A rough map produced by the company shows a line running from Pittsburgh through Pennsylvania's rural northern tier and into the New York City region. A second line branches south through the Susquehanna River corridor into Maryland, while a third spur runs through the Lehigh Valley and Pocono Mountains into central New Jersey.

The project requires regulatory approval, and the company has begun the process with a submission to PJM Interconnection, the regional coordinator for wholesale energy. It also must get the OK of utility regulators in each state, Wirth said.

He said electrical transmission in the Northeast is congested in some areas, a problem the new capacity would help relieve.

Pennsylvania Public Utility spokeswoman Robin Tilley said her agency requires an application that specifies the cost and route and demonstrates it is the best option on a set of criteria that includes safety, environmental impact and effect on scenery, historic places, landscape and wildlife.

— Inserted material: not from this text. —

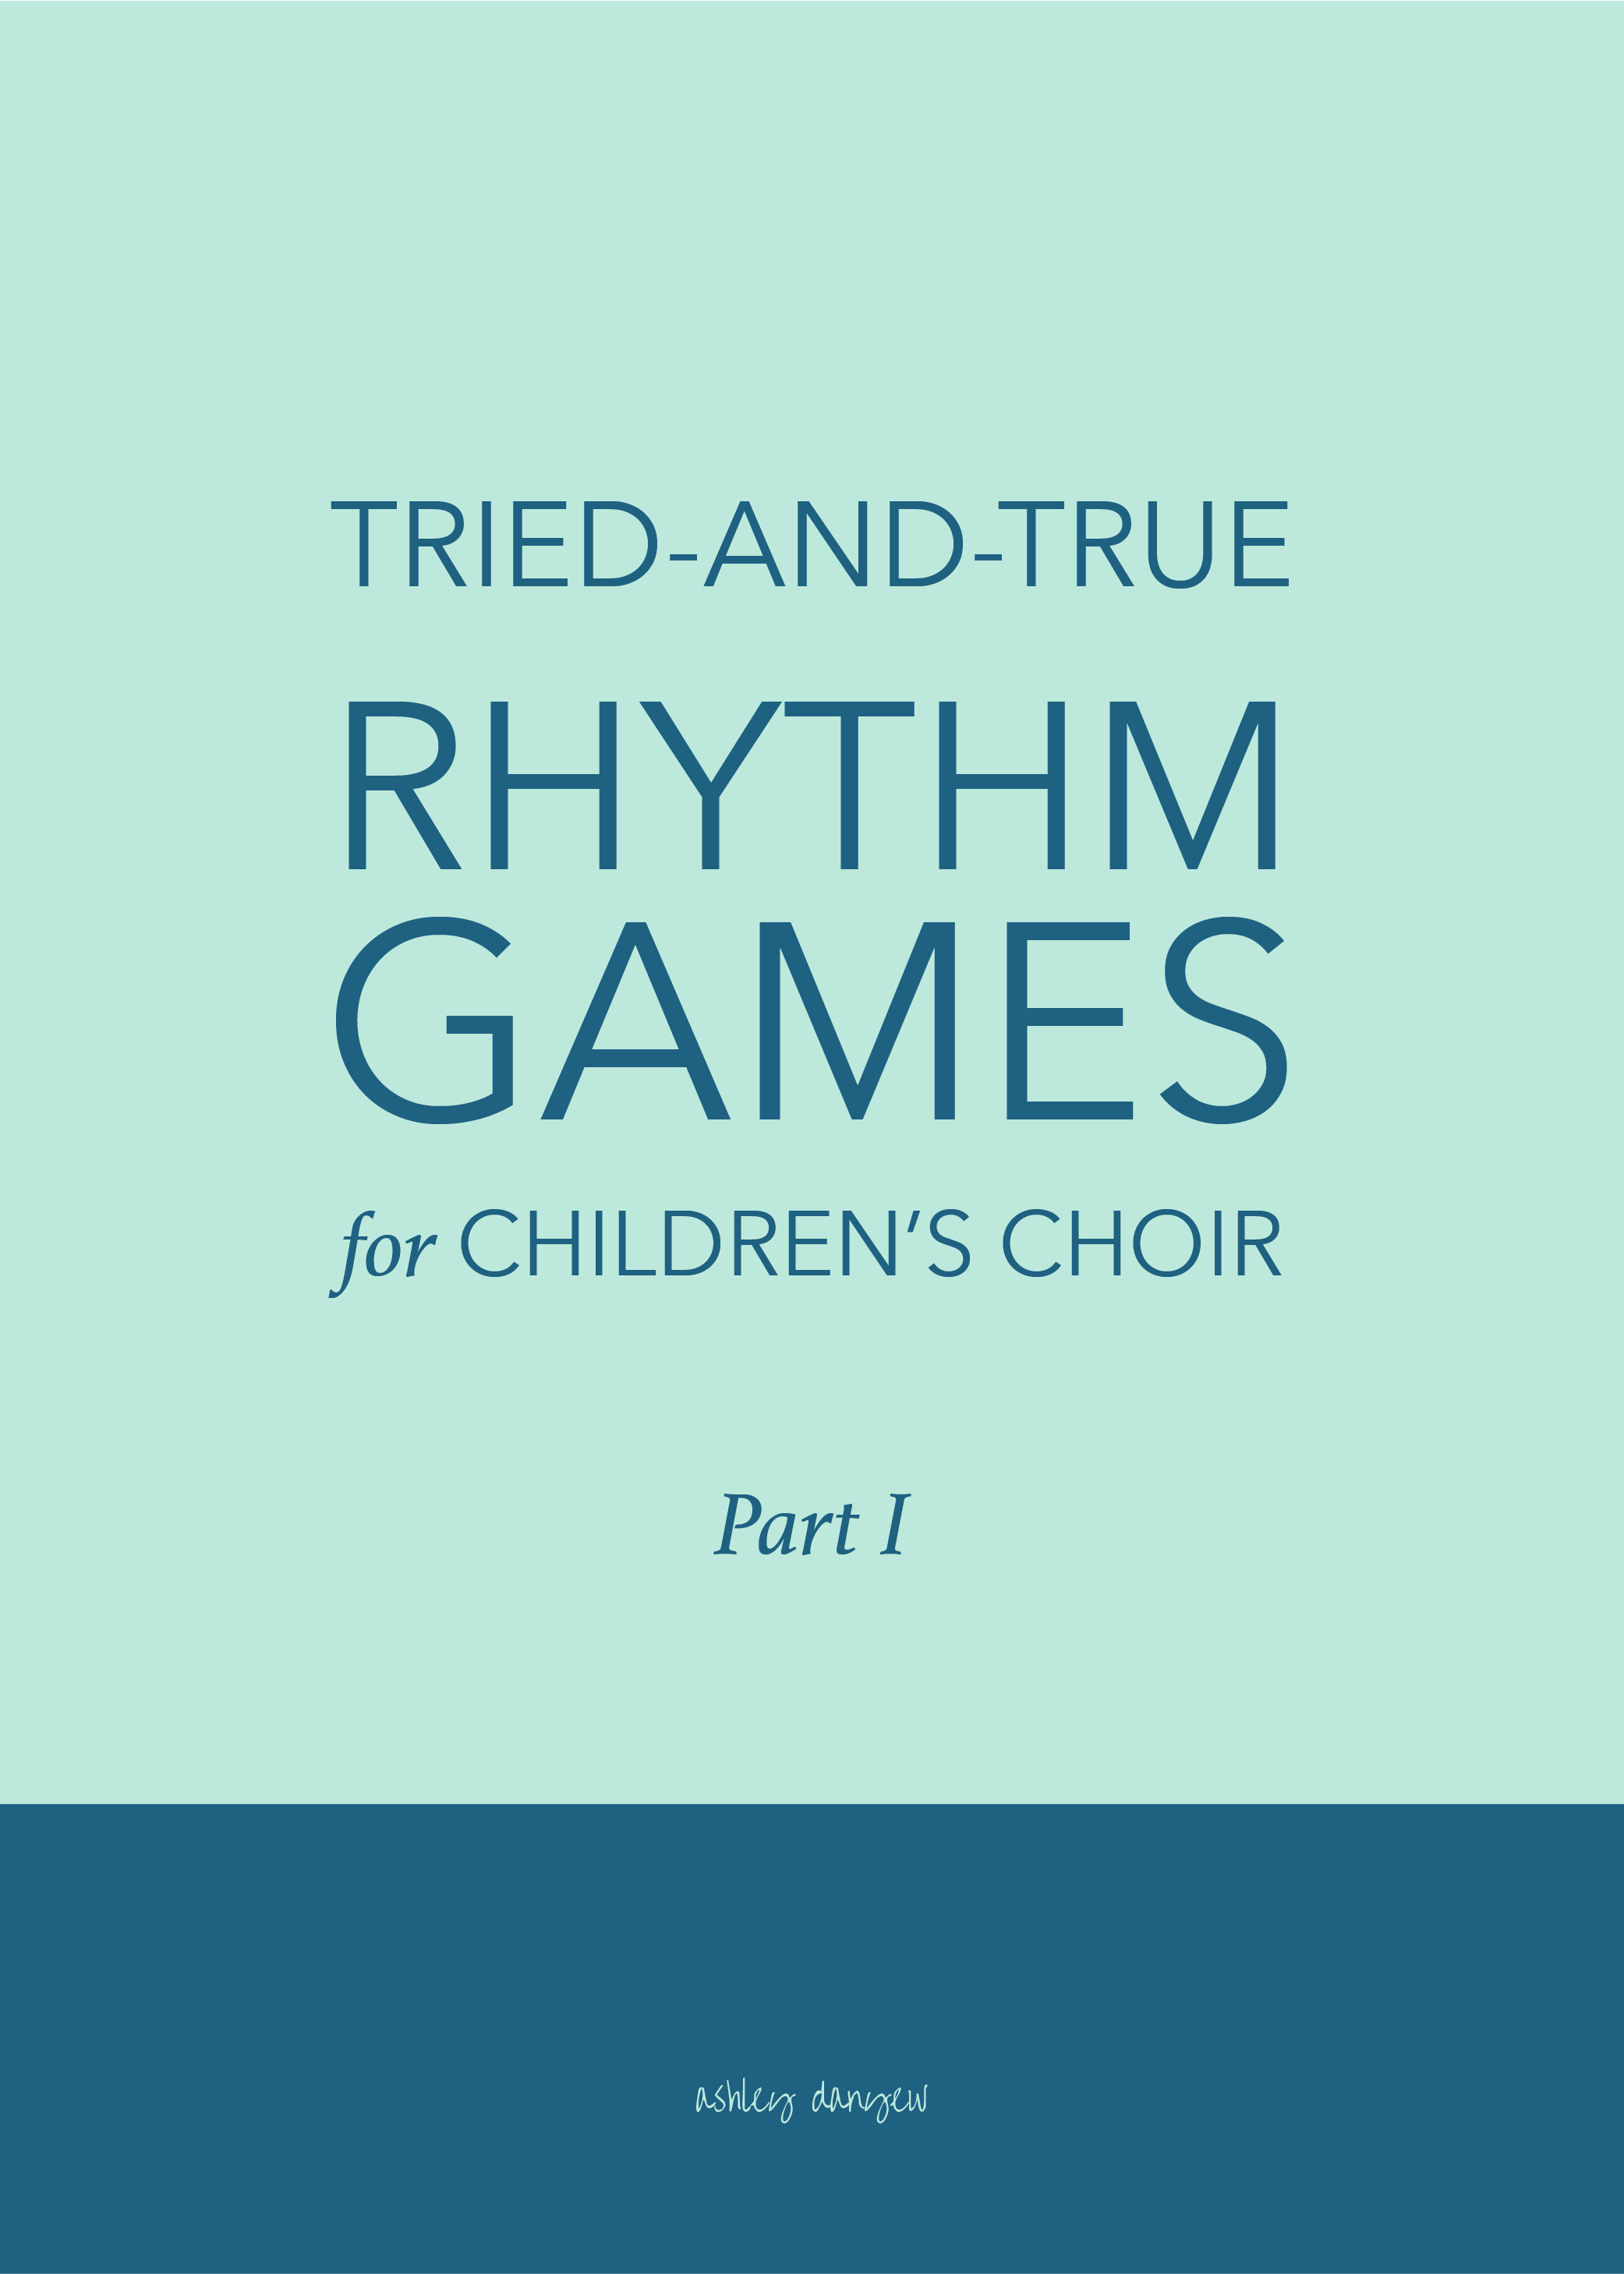 Copy of Tried-and-True Rhythm Games for Children's Choir: Part I

The PUC will hold public hearings.

John Hanger, a former Pennsylvania utility commissioner and environmental secretary, said PPL will have to show the project is necessary to increase reliability of energy supplies, or for economic reasons.

"With any major power line, there is probably going to be significant review by federal state and local agencies, making sure that landowners are respected," Hanger said.

PPL said the transmission lines would help develop power plants along its route that would be fueled by natural gas from the Marcellus Shale formation. Wirth said the system would be fed by new gas-fired plants in northern Pennsylvania and by lower-cost power from western Pennsylvania and Ohio.

"No power line that I'm familiar with has ever been built based upon the principle of, 'Build it and they will come,'" Hanger said.

The company estimates the project's total cost at $4 billion to $6 billion. If construction begins by 2017, PPL said the work could be complete around 2023-2025.